Mehr als 100.000 Downloads

Das Girokonto stellt sich gegen den Vorteil, den das Kernangebot von Western Union gegenüber Banken und Co. hat: Die Kunden brauchen für die Geldtransfers kein Konto, bloß Bargeld und den Namen des Empfängers. Der Versender zahlt das Geld in eine Filiale und erhält dafür einen Code, den er dem Empfänger gibt. Dann kann dieser das Geld bei seiner Western-Union-Filiale abholen.

Mit dem neuen Angebot wird Western Union seine Kunden besser kennen, sie müssen sich anmelden und verifizieren, die Hürde, wer alles als Kunde gilt, wird also etwas angehoben. Das Unternehmen spricht von einem „Omnichannel-Erlebnis“, was etwas wie ein komplizierteres Synonym für die in der Fintech-Szene vielzitierte Super-App klingt. Die App basiert auf der Cloud-Banking-Software von Mambu, einem Berliner Startup, mit dem auch N26 arbeitet.

Die Kunden können mit der App Geld in verschiedenen Währungen weltweit versenden, bekommen zu ihrem Girokonto eine Platinum Visa Debitkarte und können anderen Kunden von WU+ gebührenfrei Geld überweisen. Auf Spareinlagen gibt es einen Einführungszins von drei Prozent.

Die Standardversion des Kontos ist kostenlos, für den Premium-Account zahlen die Kunden monatlich 3,99 Euro – hier gibt es noch fünf Währungskonten und vier Zielsparkonten. Bei bestimmten Einzeltransaktionen fallen Gebühren an. Ein Vorteil gegenüber Neobanken wie N26 oder Vivid ist bei WU+, dass die Kunden über die Filialen Geld einzahlen können.

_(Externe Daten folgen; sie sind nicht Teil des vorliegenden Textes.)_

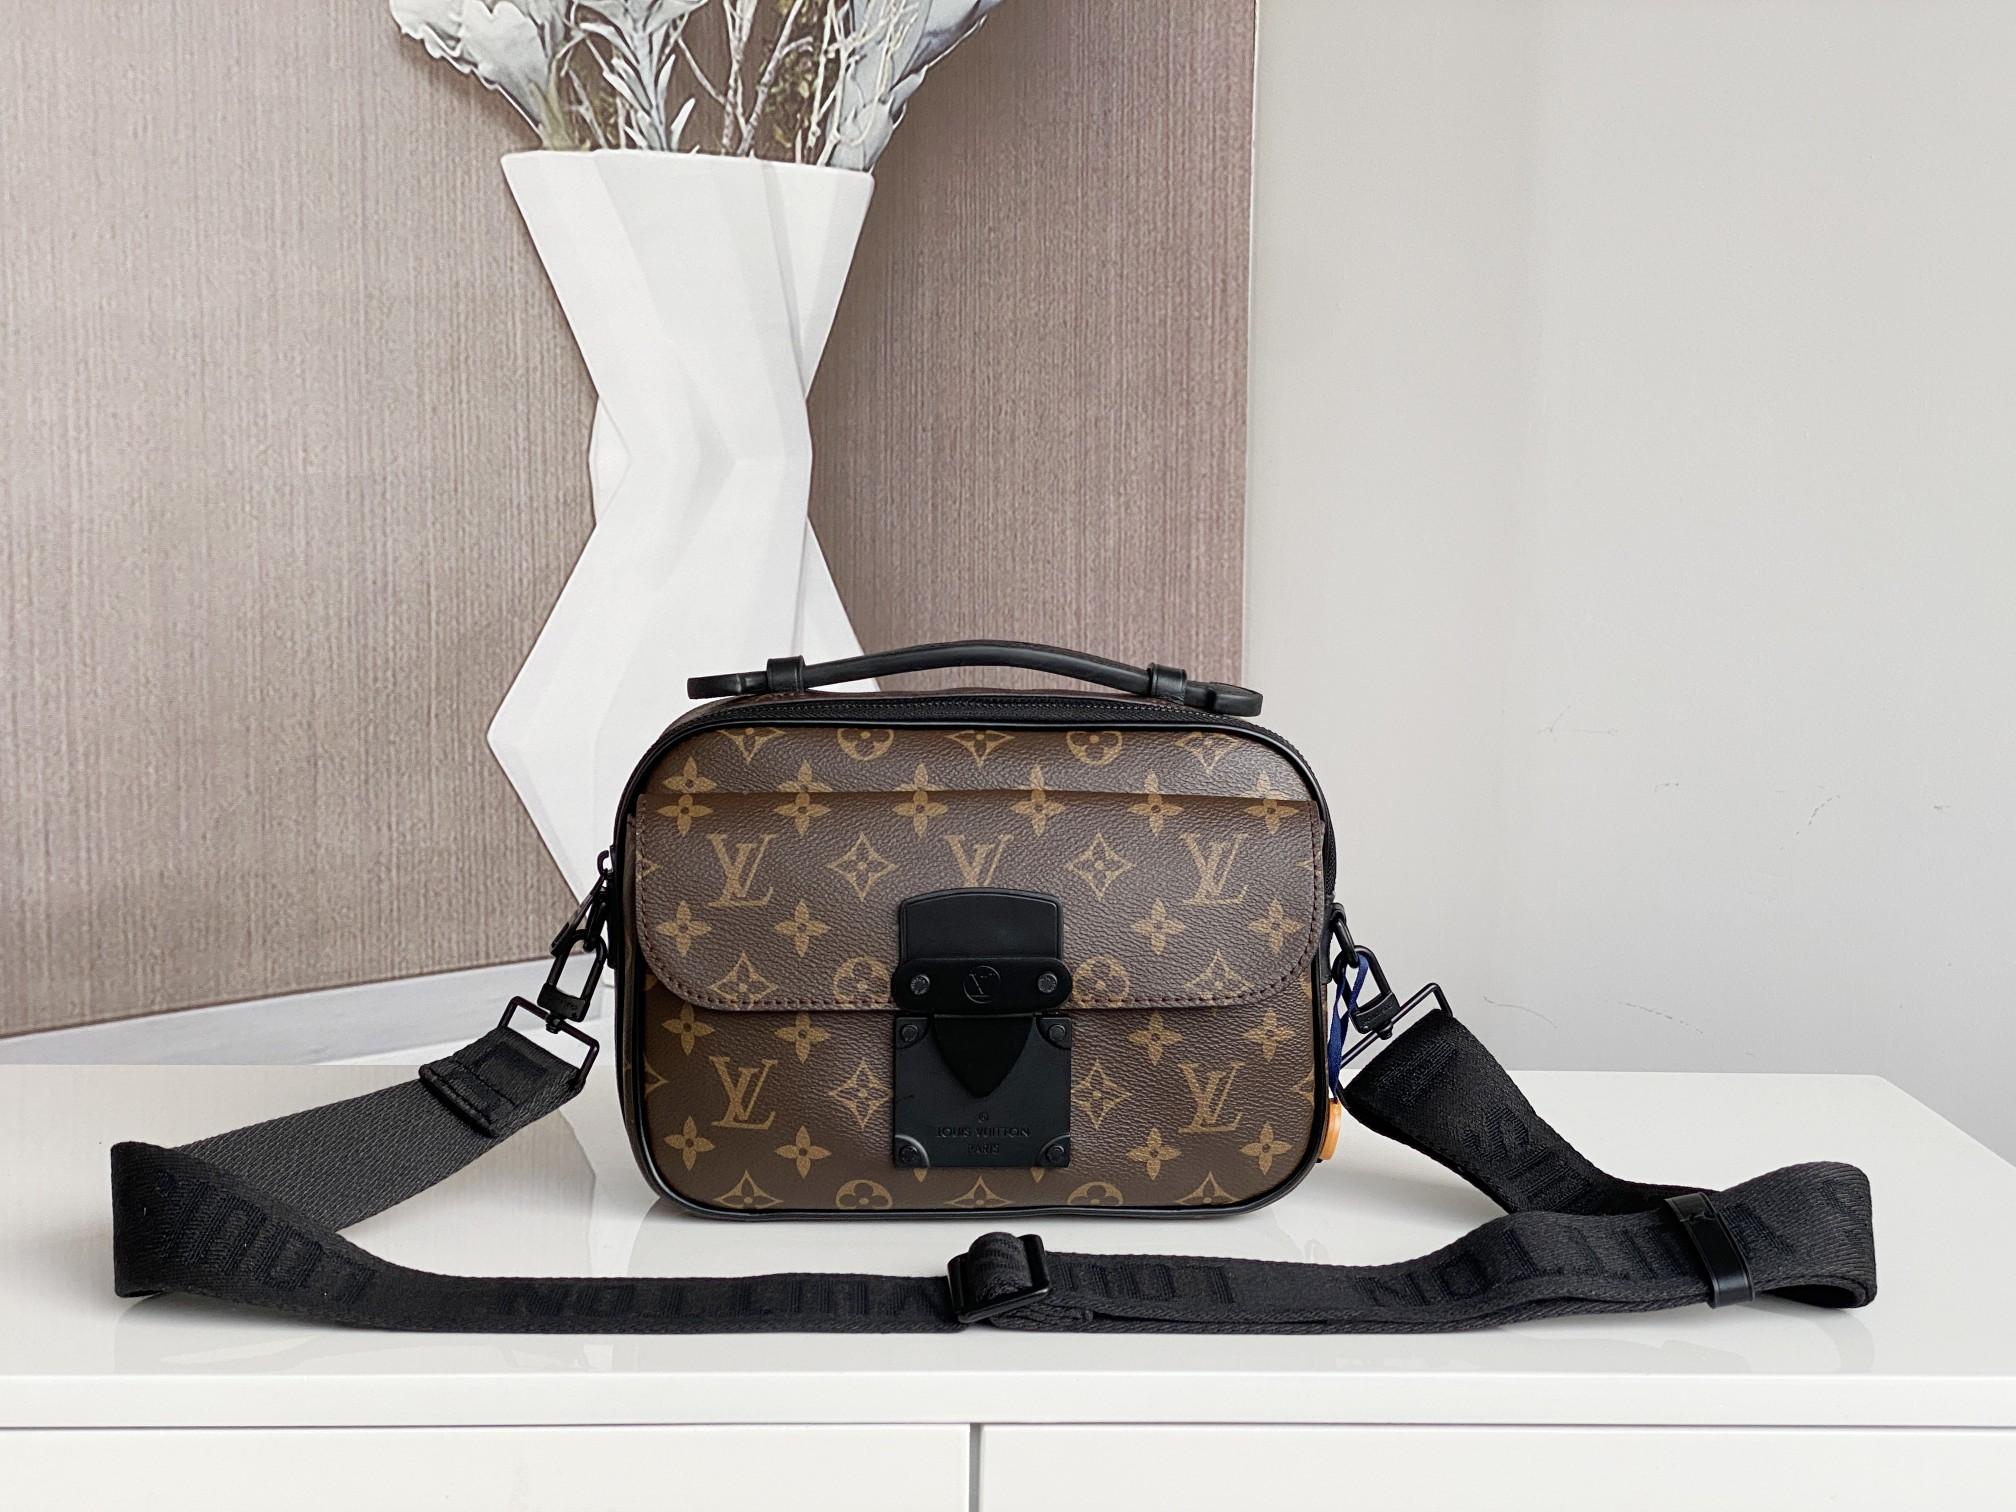 Replica Louis Vuitton M45806 S Lock Messenger Monogram Macassar Black

In Deutschland wurde die App nach Schätzungen des Analysetools Airnow Data bislang 116.000 Mal heruntergeladen. Nicht jeder Download wird zur Kontoeröffnung geführt haben, aber die Zahlen zeigen einen Trend auf. Als N26 2016 an den Markt ging, erreichte sie nach zwölf Monaten 100.000 Kunden. Seitdem hat sich allerdings auch viel getan, die Zielgruppe von WU+ kennt das Prinzip der Smartphone-Konten bereits. So brauchte N26-Angreifer Vivid 2020 nur noch ein halbes Jahr für die gleiche Zahl an Kunden.

Mit dem Angebot greift Western Union vor allem die gängigen Fintechs wie N26 mit ihren Smartphone-Konten an. Seit dem vergangenen Jahr bietet beispielsweise auch der schwedische Zahlungsdienstleister Klarna Girokonten in Deutschland an. Ein direkter Konkurrent ist Wise aus London, das früher als Transferwise bekannt war.

Wie die Downloadstatistik zeigt, kann es WU+ bereits mit den bekannten Finanz-Startups in Deutschland aufnehmen (siehe Grafik). Seit Mai kommt Western Union mit seiner Banking-App pro Monat auf ähnlich viele Downloads in Deutschland wie etwa N26 oder Wise. Eine Anfrage von Finance Forward ließ das Unternehmen unbeantwortet.

Wachsen will es vor allem durch die Expansion in weitere Märkte. „Im nächsten Schritt wird das Angebot in Italien und Polen eingeführt und soll schließlich in ganz Europa sowie weiteren Märkten weltweit ausgerollt werden“, zitiert das Handelsblatt einen Sprecher. Und auch in Deutschland gibt es noch weitere Möglichkeiten zu wachsen. Um wirklich hervorzustechen, müsste sich das Angebot von Western Union allerdings noch weiter von der Konkurrenz abgrenzen.